Anticalcitonin Gene-Related Peptide Agents Effectively Prevent Migraines

Anticalcitonin gene-related peptide agents, delivered in monthly or daily doses, can effectively combat migraine with few side effects, according to research published in the  Clinical Journal of Pain.

To address the lack of research comparing the relatively new oral anticalcitonin gene-related peptide (CGRP) agent atogepant with injected CGRP monoclonal antibodies (mAbs) in preventing migraine, a research team conducted a network meta-analysis of the efficacy and safety of different doses of atogepant and CGRP mAbs.

The researchers identified 24 articles for analysis to identify all randomized controlled trials (RCTs) published through May 2022 that included patients diagnosed with episodic or chronic migraine who were treated with erenumab, fremanezumab, eptinezumab, galcanezumab, atogepant, or placebo. Outcomes included the reduction in the number of days per month during which patients experienced migraine, the 50% response rate, and the number of adverse events (AEs) they experienced. Risk of bias was assessed by using the Cochrane Collaboration tool, which revealed no substantial publication bias in the analysis.

The researchers found that, although all agents studied were more effective than placebo in preventing migraine to a statistically significant degree, monthly fremanezumab 225 mg, was the most effective in reducing the number of days during which migraine was experienced (standardized mean difference [SMD], -0.49; 95% confidence interval [CI], -0.62, -0.37) and in producing a 50% response rate (relative risk [RR], 2.98; 95% CI 2.16, 4.10). In contrast, monthly erenumab 140 mg, proved the best choice for reducing the number of days during which medication was required for acute migraine (SMD −0.68; 95% CI −0.79, −0.58). 

Regarding migraine type, monthly fremanezumab 225 mg, was the most effective anticalcitonin gene-related peptide agent evaluated for episodic migraines, whereas monthly erenumab 140 mg, was best for chronic migraines.

Although eptinezumab is the only intravenous agent with a rapid onset of action, it is considerably less effective than fremanezumab and erenumab in reducing the number of days during which migraine is experienced as well as in achieving a 50% response rate and in reducing the number of days during which medication was required for acute migraine.
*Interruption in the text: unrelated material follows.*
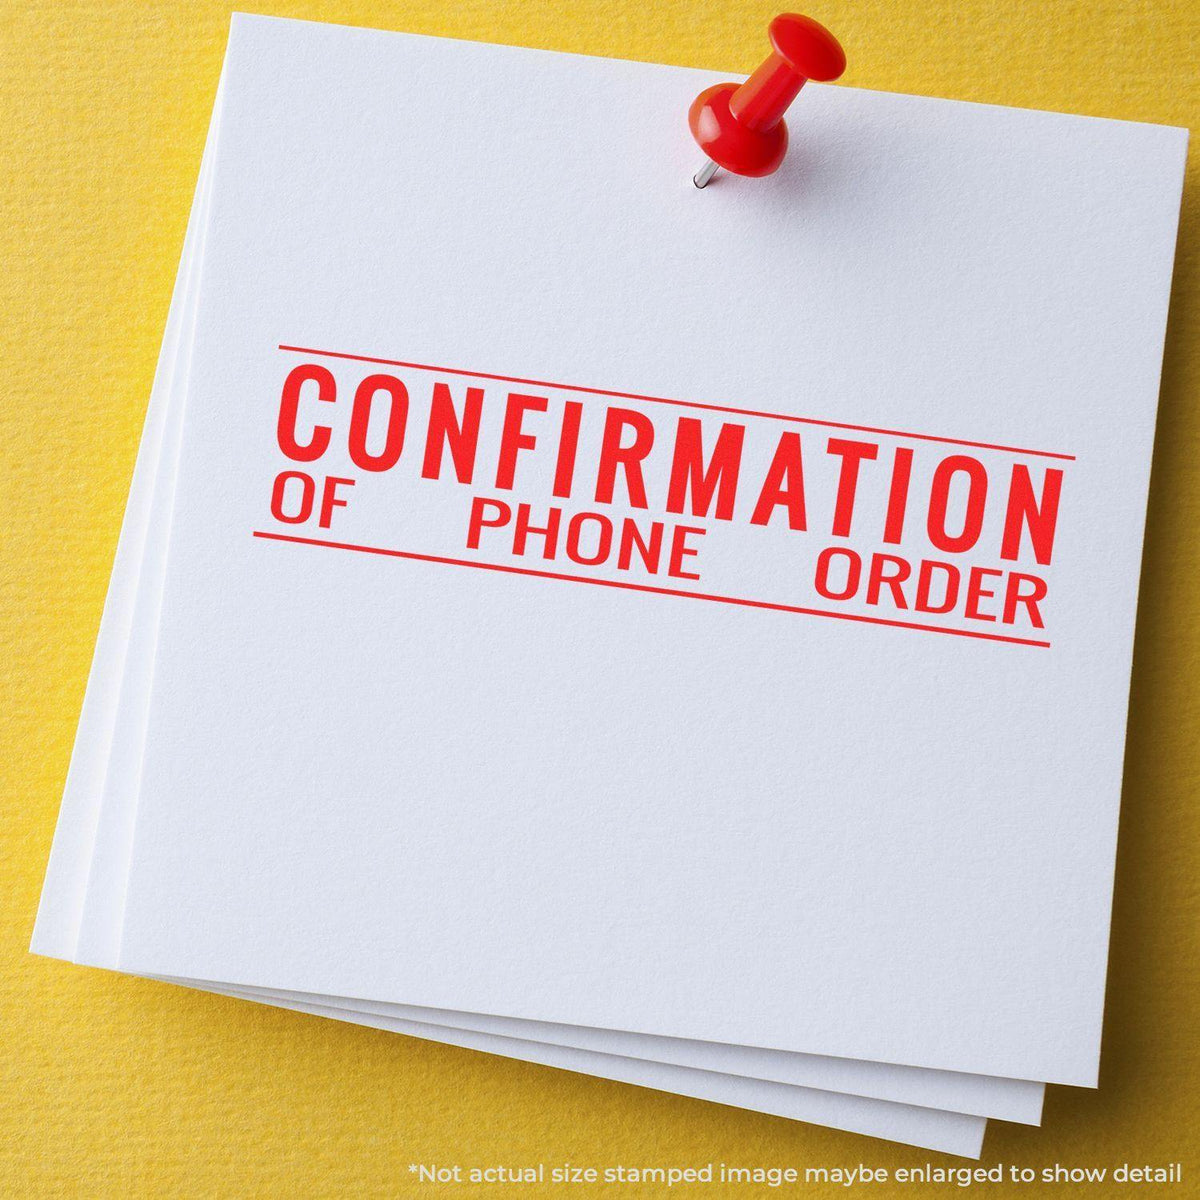 Large Confirmation of Phone Order Rubber Stamp In Use Photo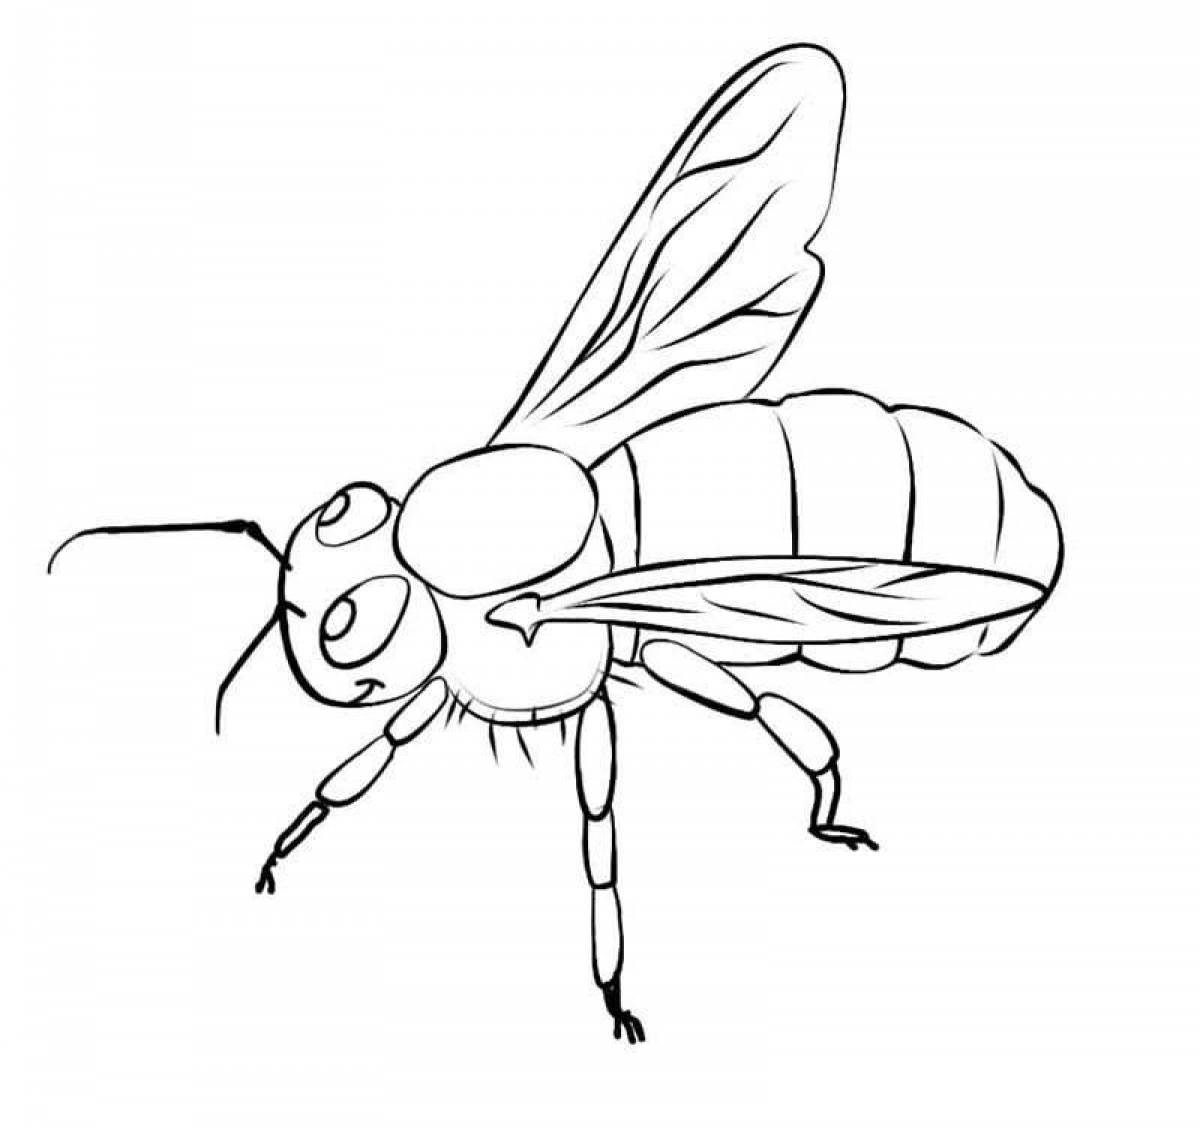 Friendly bee coloring page

Galcanezumab, 120 mg, had greater efficacy than most anticalcitonin gene-related peptide agents but a significantly higher incidence of AEs than placebo. Moreover, because high-dose galcanezumab increased the incidence of serious AEs, the researchers do not recommend its use.

Although daily atogepant, 60 mg, ranked fourth in its reduction in the number of days during which patients experienced migraine and in the 50% response rate, this agent was safer than its comparators. “There was no signal of hepatotoxicity with atogepant in the RCT trials [sic] we included, and the liver safety profile has no significant difference when compared with placebo,” the researchers explain. As a result, they recommended atogepant as an alternative for migraine prevention in those who cannot tolerate the AEs associated with injected anticalcitonin gene-related peptide agents.

Although no significant difference in the rate of discontinuation owing to adverse events was found between the treatments evaluated and placebo, monthly fremanezumab 225 mg, monthly erenumab 140 mg, and daily atogepant 60 mg, had fewer side effects than the other agents studied. 

Limitations of this analysis included potential skewing because of inclusion and exclusion criteria, the brevity of the trials included, and the range of durations of the studies evaluated.

“The results of this study are also anticipated to provide a foundation for evidence-based practice and educate patients, doctors, and guidelines writers on the relative benefits of various migraine preventive drugs,” according to the researchers. “Monthly fremanezumab 225 mg, monthly erenumab 140 mg, and daily atogepant 60 mg, may be effective interventions with acceptable safety.”